Management of operations

Ms Klesman said that Caroz usually receives an order from the customer’s input system. Caroz then takes care of the rest, integrating multiple systems and interfacing with the transport and customs departments of the customer, who may give their own customers access to the Caroz system. Efficient order management requires getting a grip on your process. For example, the order may specify a cargo – and paperwork – ready date, but Caroz checks a week in advance that this will be respected.

Looking northwest on 8 July 2019 from the station building at Małaszewicze Południowe, whose nearly 6 km of tracks are being rebuilt. Photo © Trakcja Group

Sophisticated IT and transparency is important, Mr Claessens said, but you still have manage the transport. He said that just selling IT is no good without providing someone to call who knows and understands you and the processes. Caroz sends the customer messages allowing management by exception. Caroz experts on all modes are in one room. For customs, Caroz has its own people and a “strategic agent” for complex cases.

Caroz does not let customers manage their own operations using the Caroz software, Mr Claessens said, but this could change. Caroz is not involved in parcels transport, as the market is controlled by big players, but is considering selling its software to customers in the parcels segment.

Performance evaluation

Besides managing operations for a client, Ms Klesman said, Caroz also provides information for performance evaluation and decision-making. A customer gets key performance indicators (KPIs) concerning finance, volume and performance, and can drill down to port, customer, pickup and delivery address, and transport provider. Caroz measures port-to-port and door-to-door transit time and reliability and provides details on exceptions.

Planning and objectives

Caroz helps customer prepare their detailed transport budget for next year and a road map for continuous improvement. The company wants to introduce artificial intelligence and predictive analysis.

Smaller and thus more agile

An attendee asked about the difference between Caroz and larger actors such as DB Schenker, Kuhn & Nagel and C.H. Robinson, which offer the same services. Mr Claessens said that Caroz is more agile because the company is smaller, and its customers tend to be smaller as well.

Caroz and Nunner

Mr Claessens said that Caroz is a niche player, which carries both advantages and risks. Big companies can be nervous about dealing with niche players. This is one reason Caroz joined the Nunner group in 2019.

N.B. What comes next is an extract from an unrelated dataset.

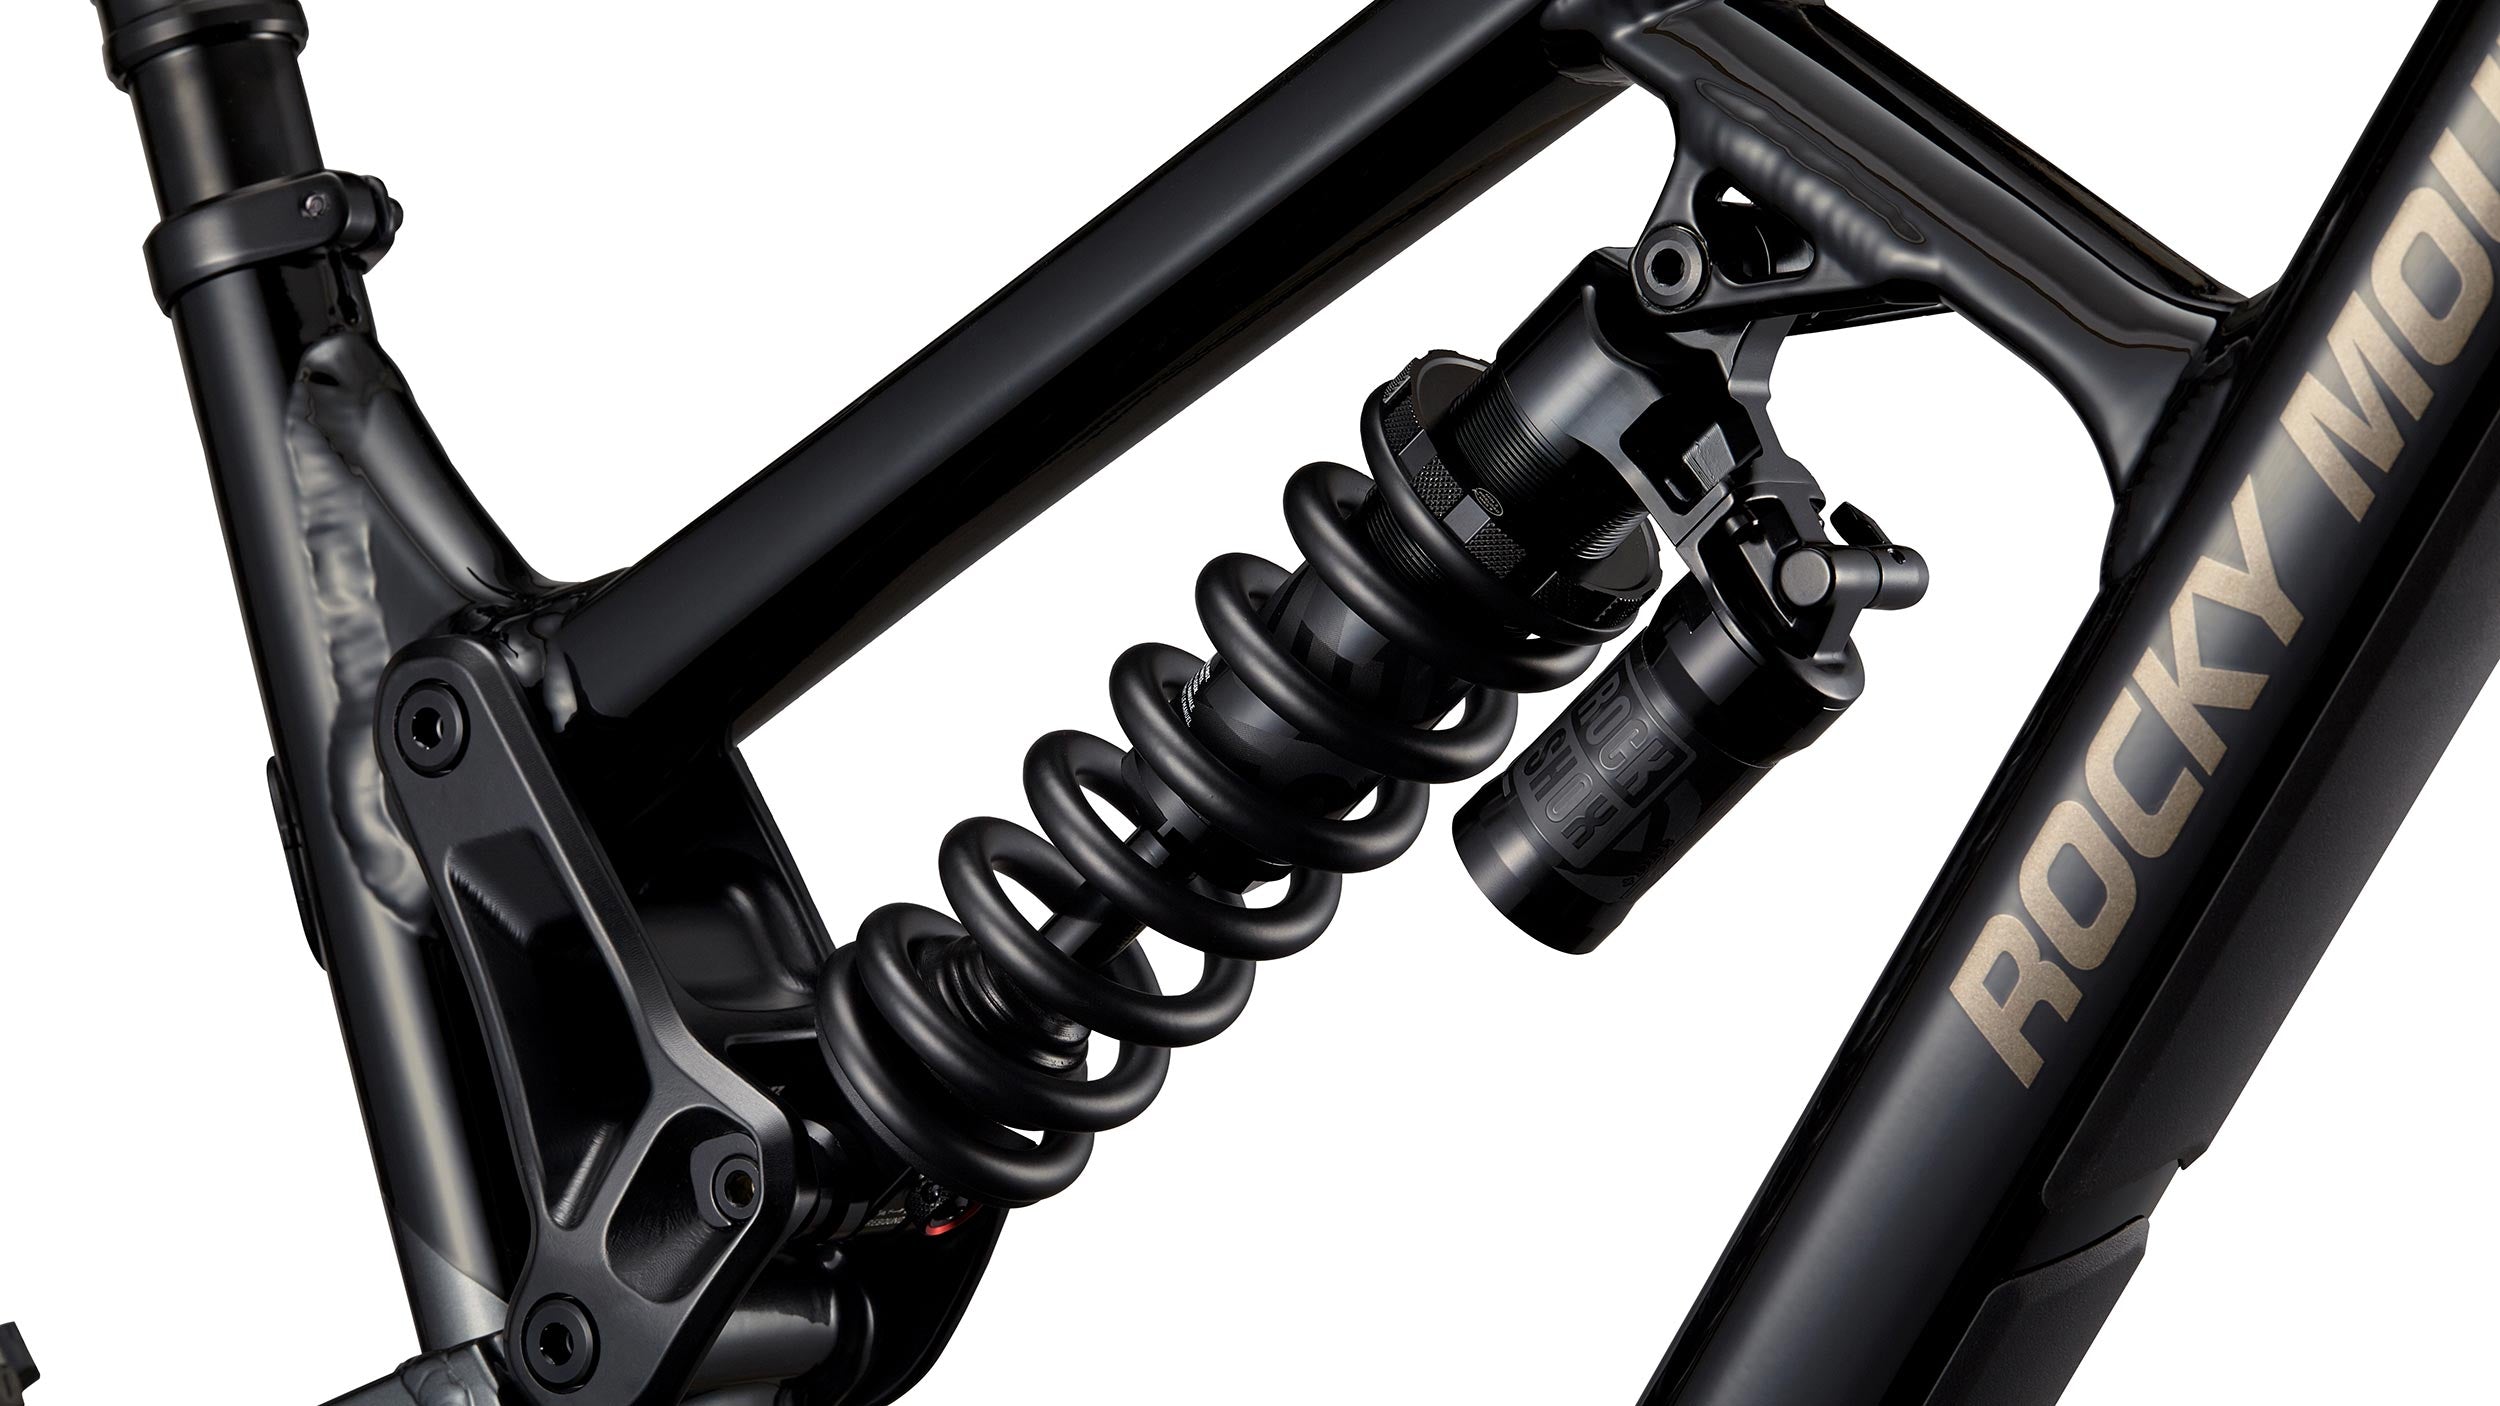 _caption_The Slayer Alloy 50 features the RockShox Super Deluxe Coil Select+ , ensuring a smooth and plush ride on the descents while allowing an efficient ride on the climbs thanks to its compression lockout.

Mr Claessens called Caroz fully independent. In its recommendations to customers, it does not favour Nunner. This preserves the credibility of Caroz as a neutral advisor. Big companies have they own control towers, so Caroz seeks mid-sized customers. Such customers are more comfortable with mid-sized Caroz+Nunner than they were with small Caroz. The larger Nunner group provides backup that lets Caroz react faster.

For Silk Road services, Mr Claessen said that Nunner’s rail solution “marries” with the infrastructure of Caroz in China. Erik Groot Wassink is Nunner’s rail specialist, Mr Claessen said, so he had no specific comments on rail. He had just been in Shanghai with Mr Wassink.